OASIS Topology and Orchestration Specification for Cloud Applications (TOSCA) TC

Expand all | Collapse all

RE: [tosca] Re: Proposal: CSARs should be tarballs, not ZIPs

  • 1.  RE: [tosca] Re: Proposal: CSARs should be tarballs, not ZIPs

    Posted 04-16-2021 19:26




    Let s put this on the agenda for Tuesday s meeting. A couple of observations:
     

    I m not sure if the CSAR version should be related to the container format. For one, a processor can t get to the version until after unpacking the container. Do we really need to adopt a standard file name extension? Processors should be smart enough to try whatever the various supported container formats are an figure it out for themselves.
     
    Thanks,
     
    Chris
     

    From: tosca@lists.oasis-open.org <tosca@lists.oasis-open.org>
    On Behalf Of Tal Liron
    Sent: Friday, April 16, 2021 10:24 AM
    To: tosca@lists.oasis-open.org
    Subject: [tosca] Re: Proposal: CSARs should be tarballs, not ZIPs

     





    Some additional thoughts:

    Remember that the CSAR version is separate from the TOSCA version.
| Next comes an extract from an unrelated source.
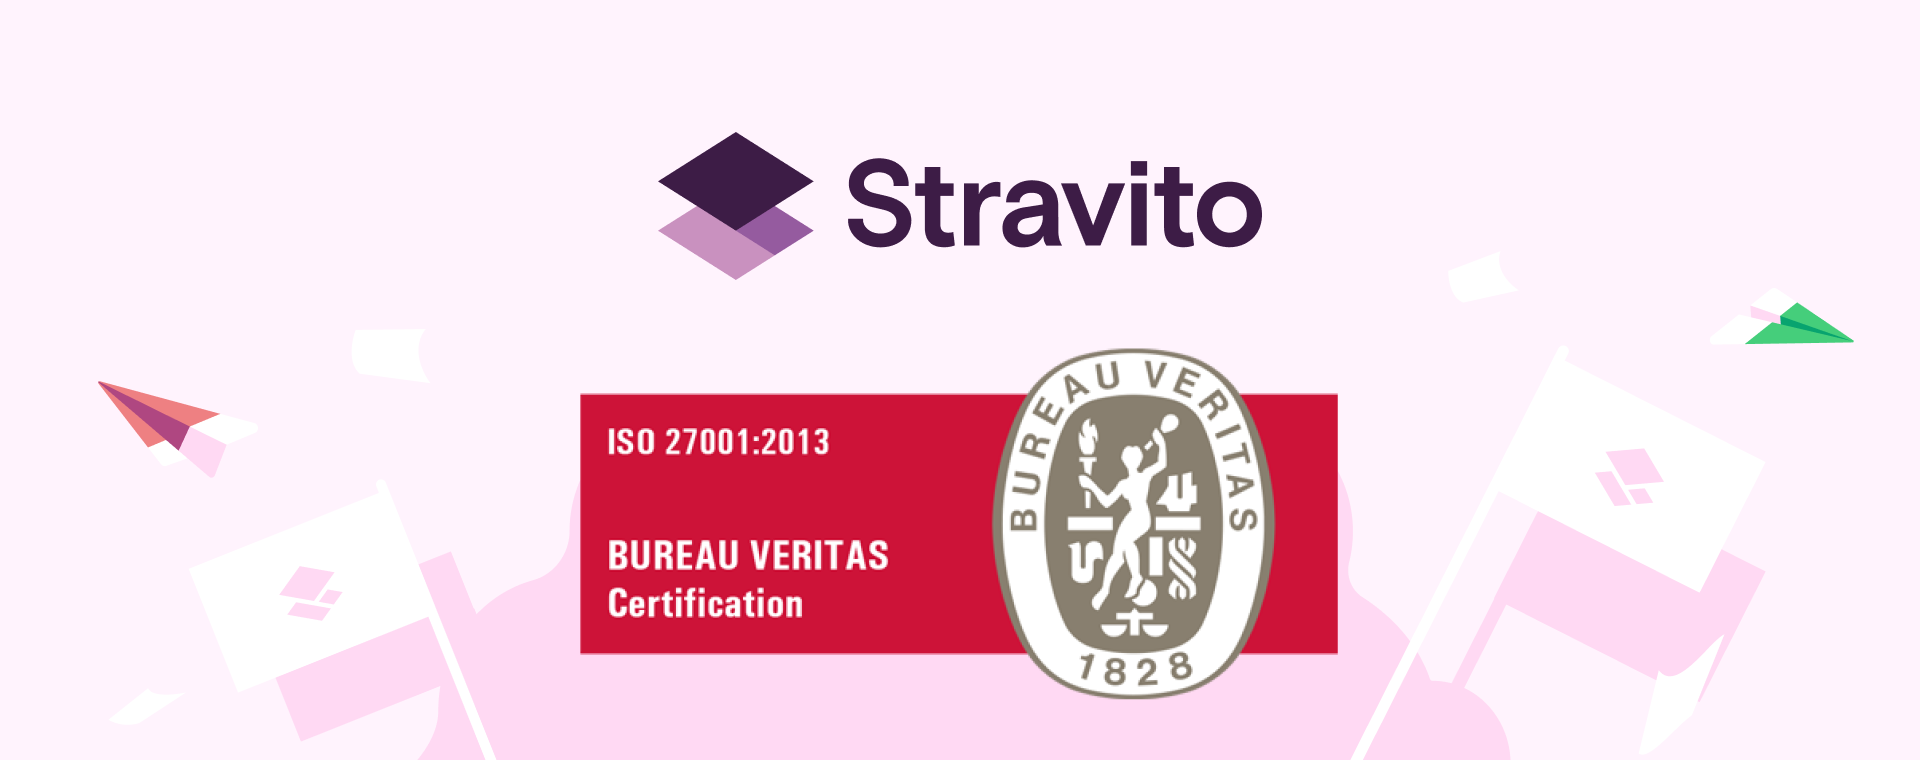 Stravito ISO 27001 badge

The current CSAR version is 1.1. So my proposal here would be for CSAR 2.0 (it's a significant enough change that I think it would warrant a
    major semantic version change).

    But, backwards compatibility would mean that systems would still be able to support CSAR 1.1, which is in ZIP. To be 100% clear: you could write a TOSCA 2.0 service template and package it in CSAR 1.1. We would have to be clear in the TOSCA 2.0 spec that this
    is supported.

    Another thought regarding extensions -- if we move to tarballs, it might be a good idea to choose a different extension than ".csar" so that processors would easily know if they're dealing with a new-style vs. old-style container. (This
    is a common problem with systems that upgrade their formats.) So, perhaps something like this:



    ".csar" extension: means CSAR 1.1 or CSAR 1.0, meaning it's a ZIP
    ".csar2" extension: means CSAR 2.0 (and beyond), meaning it's a TAR
    ".csar2.gz" extension: GZIPped TAR


    It's a bit awkward, but 100% deterministic.








     


    On Thu, Apr 15, 2021 at 12:03 PM Tal Liron < tliron@redhat.com > wrote:




    In a conversation I had with someone who professes to "hate TOSCA" one of the issues that came up was how bad CSARs are. And one point made hit home.


     


    CSARs are currently defined as
    ZIP containers . Unfortunately, ZIP is not a streaming format, instead requiring random access to locations in the container. The entire container needs to be read in order to access an individual entry. Thus The any processing of a CSAR has to take place
    on an accessible file system, which means that if the CSAR is at a URL then the whole package would have to be downloaded first.


     


    If you're dealing with a CSAR with very big artifacts (virtual machine images) then this quickly becomes a major burden on different parts of the system which need to process specific parts of a CSAR. This is indeed a pain point with currently
    existing TOSCA solutions, e.g. ONAP.


     


    There's a reason why "tarballs" are so often preferred in packaging. A ".tar.gz" file is streamable for two reasons: gunzip is streaming decompression of a single file, and that single file is a "tape archive" (tar), which is a straightforward
    concatenation, likewise streaming. There is no random access. Thus a CSAR processor can choose to process just a specific entry and not have to download the entirety. It can throw away bytes that do not interest it.


     


    Note that if one can benefit from random access to a tarball, then it's easy enough to unpack it in its entirety, and indeed in a much more efficient way than a ZIP: the tarball can be unpacked and streamed directly to the filesystem. A
    ZIP would still have to be downloaded first to accomplish the some function, leading indeed to more than double the storage requirement.


     


    So, it's very obvious to me that this needs to change in TOSCA 2.0 with a new CSAR specification.


     


    My specific recommendations:


     


    1. Let's first standardize on TAR. So a raw ".csar" extension would be exactly a "tape archive" (a tarball).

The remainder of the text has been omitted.